PORTLAND, Ore.—Freescale Semiconductor Inc. claims to be the first chip maker to offer quad-core processors for high-end consumer electronic devices, including recording/playback of 3D video, augmented reality, mobile gaming and driver-information systems. The company's new i.MX6 series offers three price/performance levels with one-, two- and four-core models, allowing original equipment manufacturers to design once, but deploy many models.
"We are the only processor manufacturer who has a multi-core platform available in three flavors, one-, two- or four-cores," said Glen Burchers, Freescale's marketing director for the consumer segment. "By offering single-, dual- and quad-core processors, OEMs can do the software one time and spin out three different products at the good, better and best segmentation levels."
Freescale is already targeting e-readers, shipments of which were projected to top 11.5 million units in 2010 and rise to 35 million by 2014 according to In-Stat LLC (Scottsdale, Ariz.). Touchscreen tablets, according to In-Stat, will likewise rise from 13.7 million units in 2010 to over 58 million in 2014. Freescale claims its new i.MX6 offers these OEMs a five-fold speedup over its current generation of i.MX processors that already power the lion's share of the e-reader and touchscreen-tablet markets.
"Freescale processors now power 11 Android-based shipping tablets and we will be showing a total of 23 tablets at CES," said Burchers. "And that is in addition to our leadership in e-readers, where we supply the processors for the first, third and fourth most popular e-readers—the only one we are not in is the Barnes and Noble [Nook]," said Burchers.
The i.MX6 dual and quad versions also include three separate graphics cores—a 3-D core, a 2-D core and a bit-blip engine to off-load the 3-D graphics core for gaming apps. Both high-end processors can handle simultaneous playback and recording of 1080p stereoscopic 3-D video, as well as the tactical overlays required for augmented reality apps. Complex augmented reality apps can dedicate one core to location calculations, one to processing live video and a third to overlaying the tactical information on the live video feed.

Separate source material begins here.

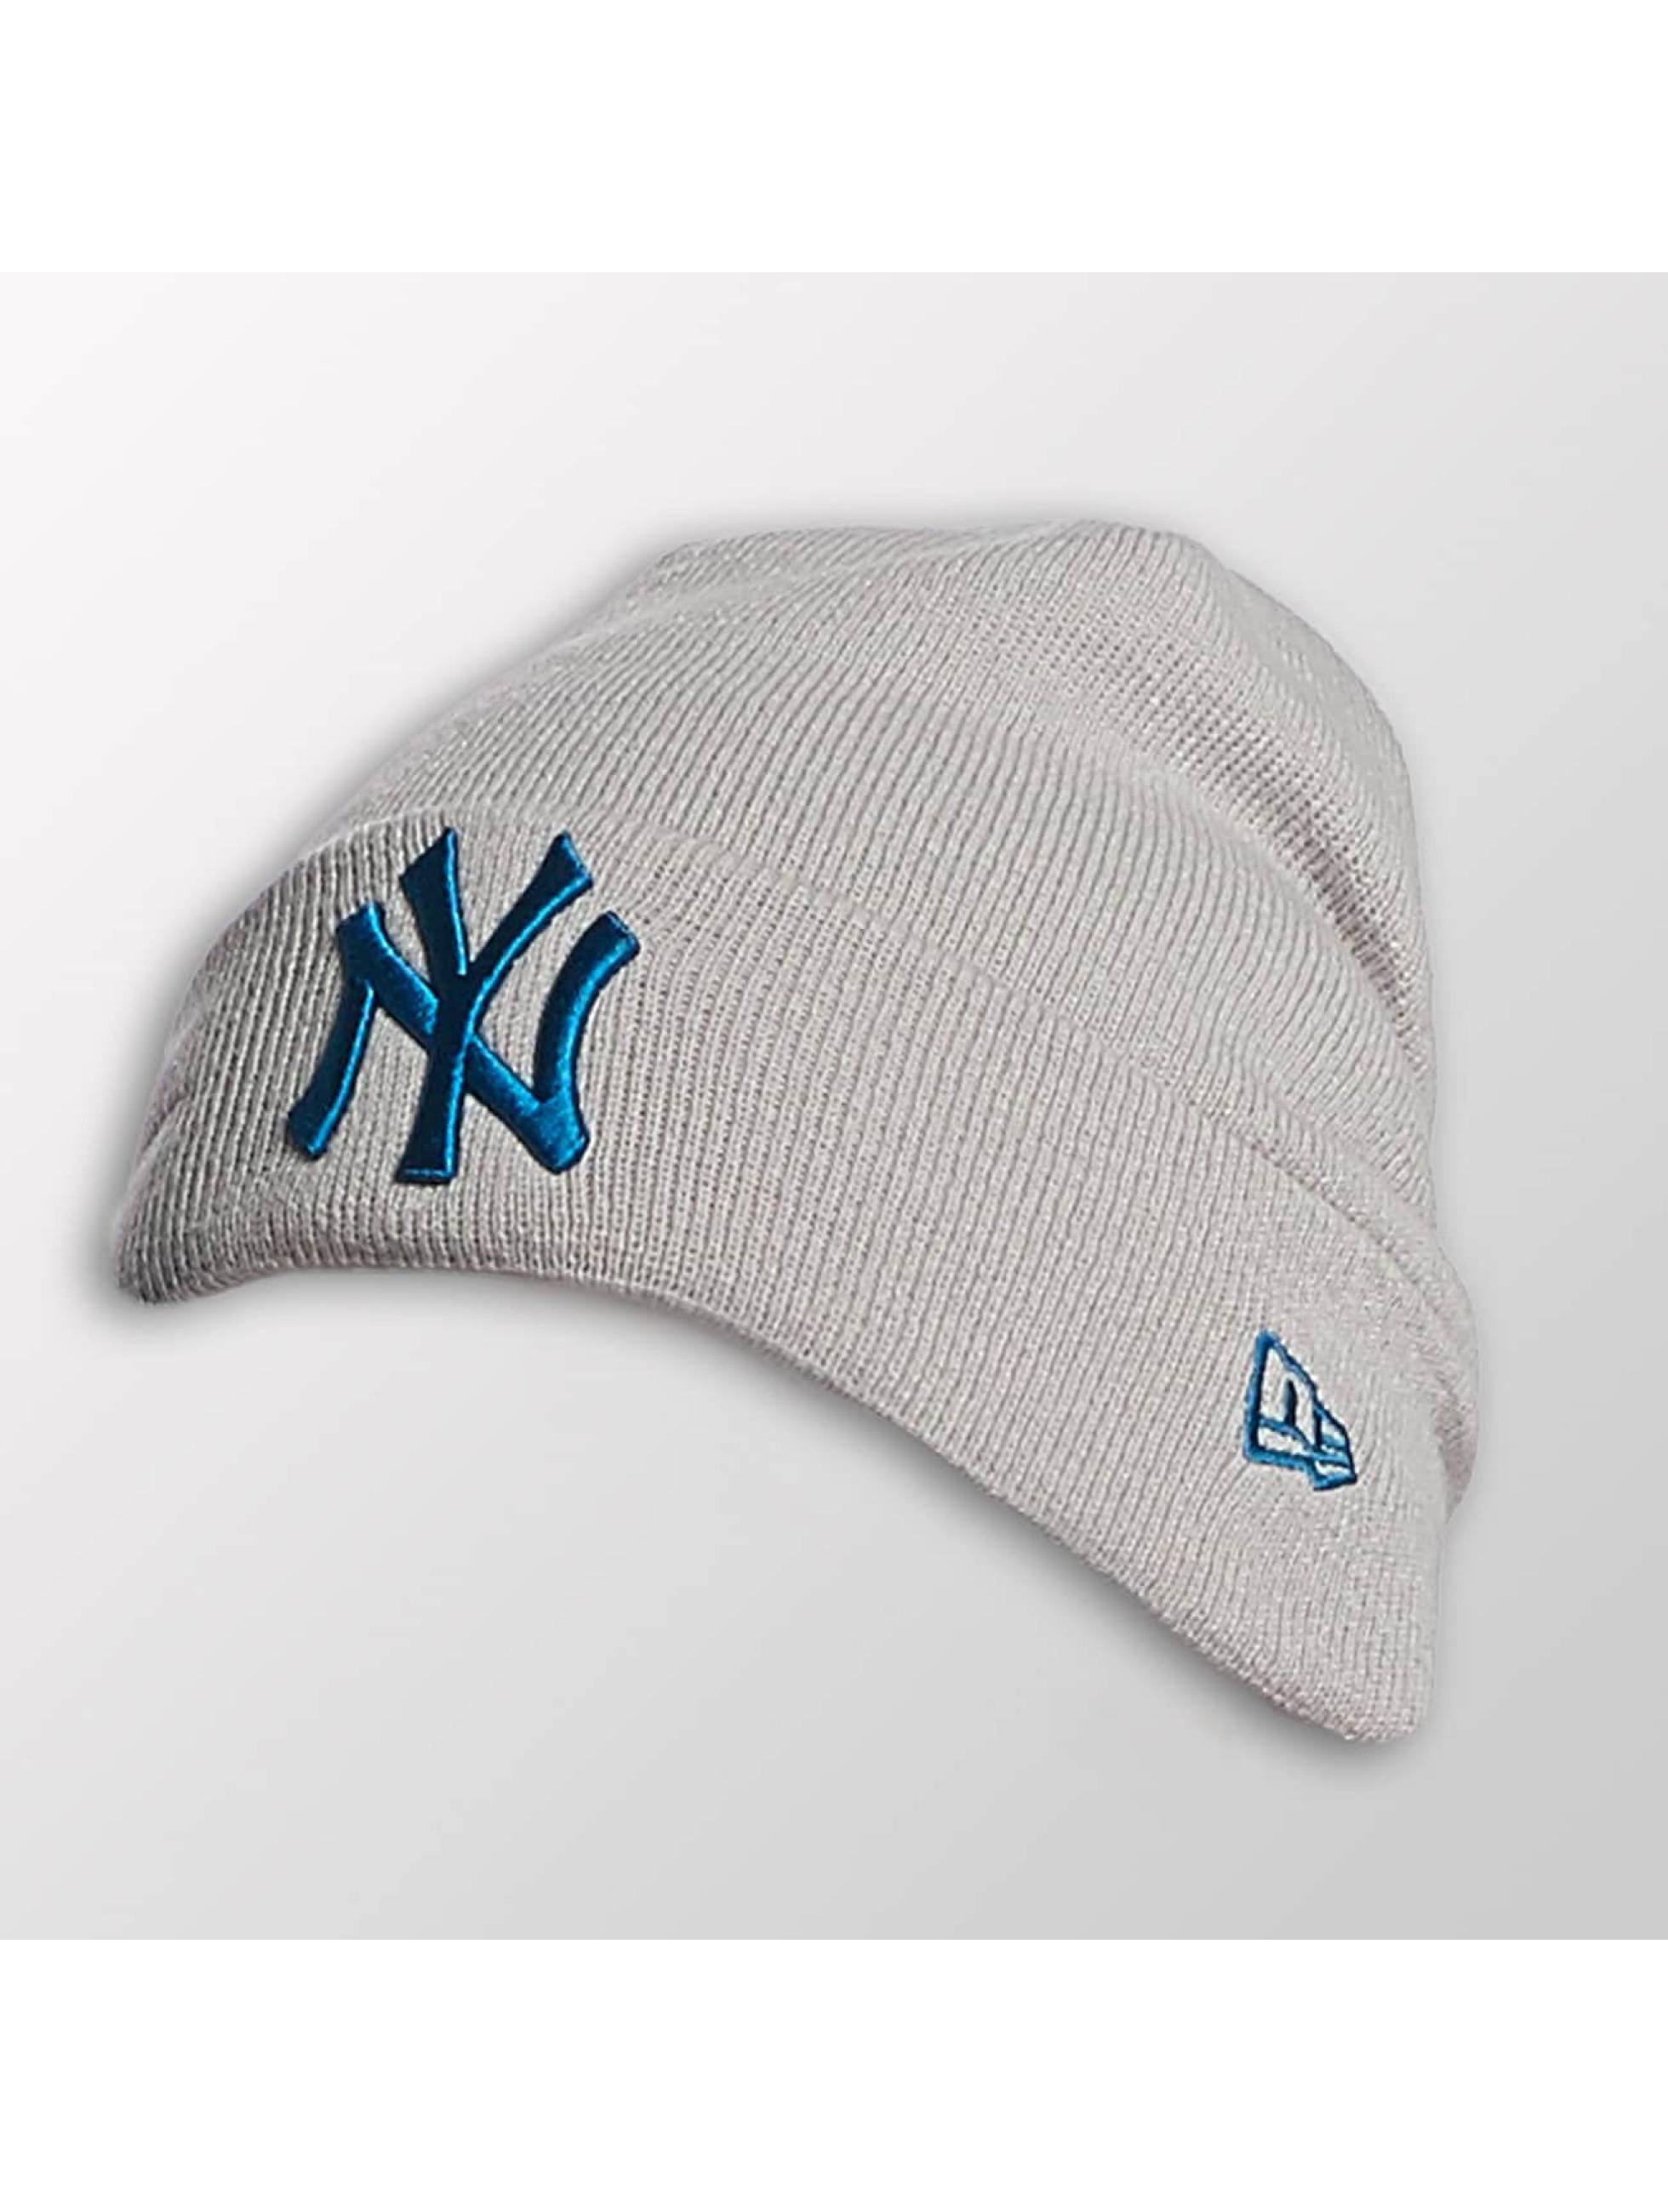 New Era Männer,Frauen Beanie Seasonal Cuff NY Yankees in grau
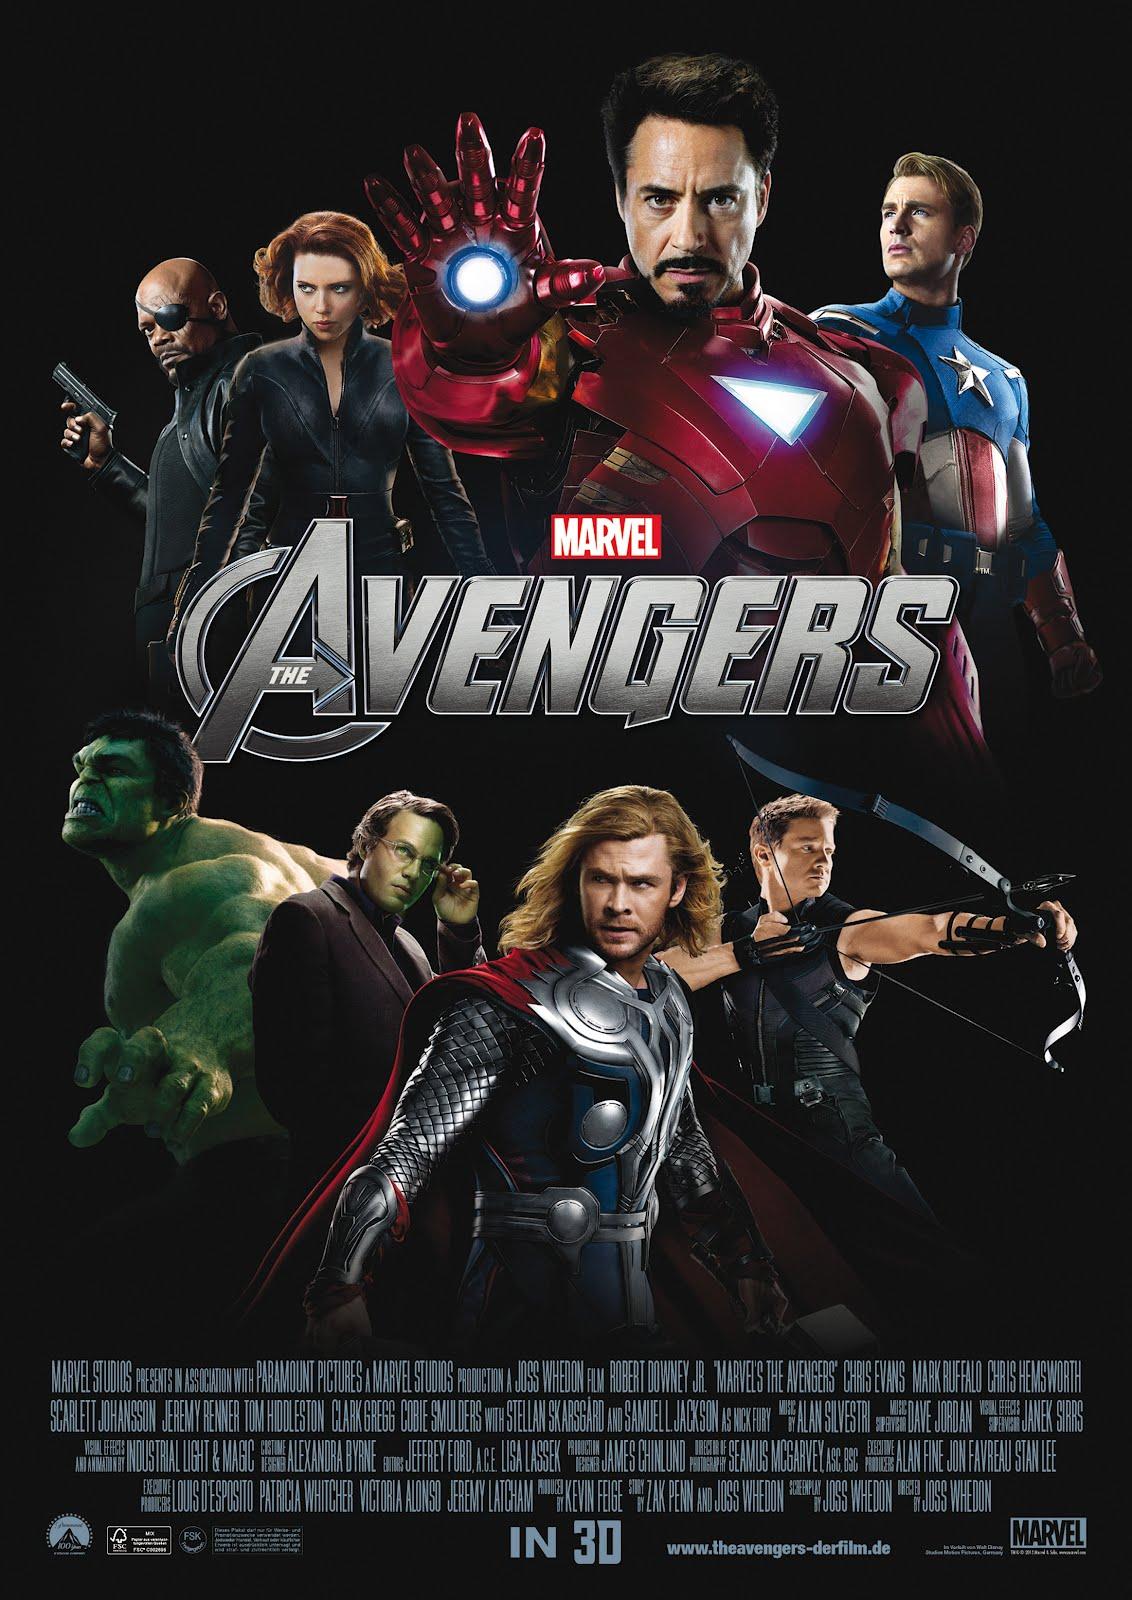 http://4.bp.blogspot.com/-OPYeKJcg7QI/T3Lm2HsDQYI/AAAAAAAAABw/fFy7t3wvi5A/s1600/Avengers-German-Poster.jpg

All i.MX6 models use the latest ARM Cortex-A9 cores running at over 1GHz using a system-on-chip platform with common software and development tool compatibility, integrated power management, integrated I/O and pin compatibility within previous i.MX processors. Freescale claims that the ultra-low-power of its i.MX6 will allow mobile consumer electronic devices to extend their battery power for up to 24 hours of HD video playback or 30-plus days of standby power.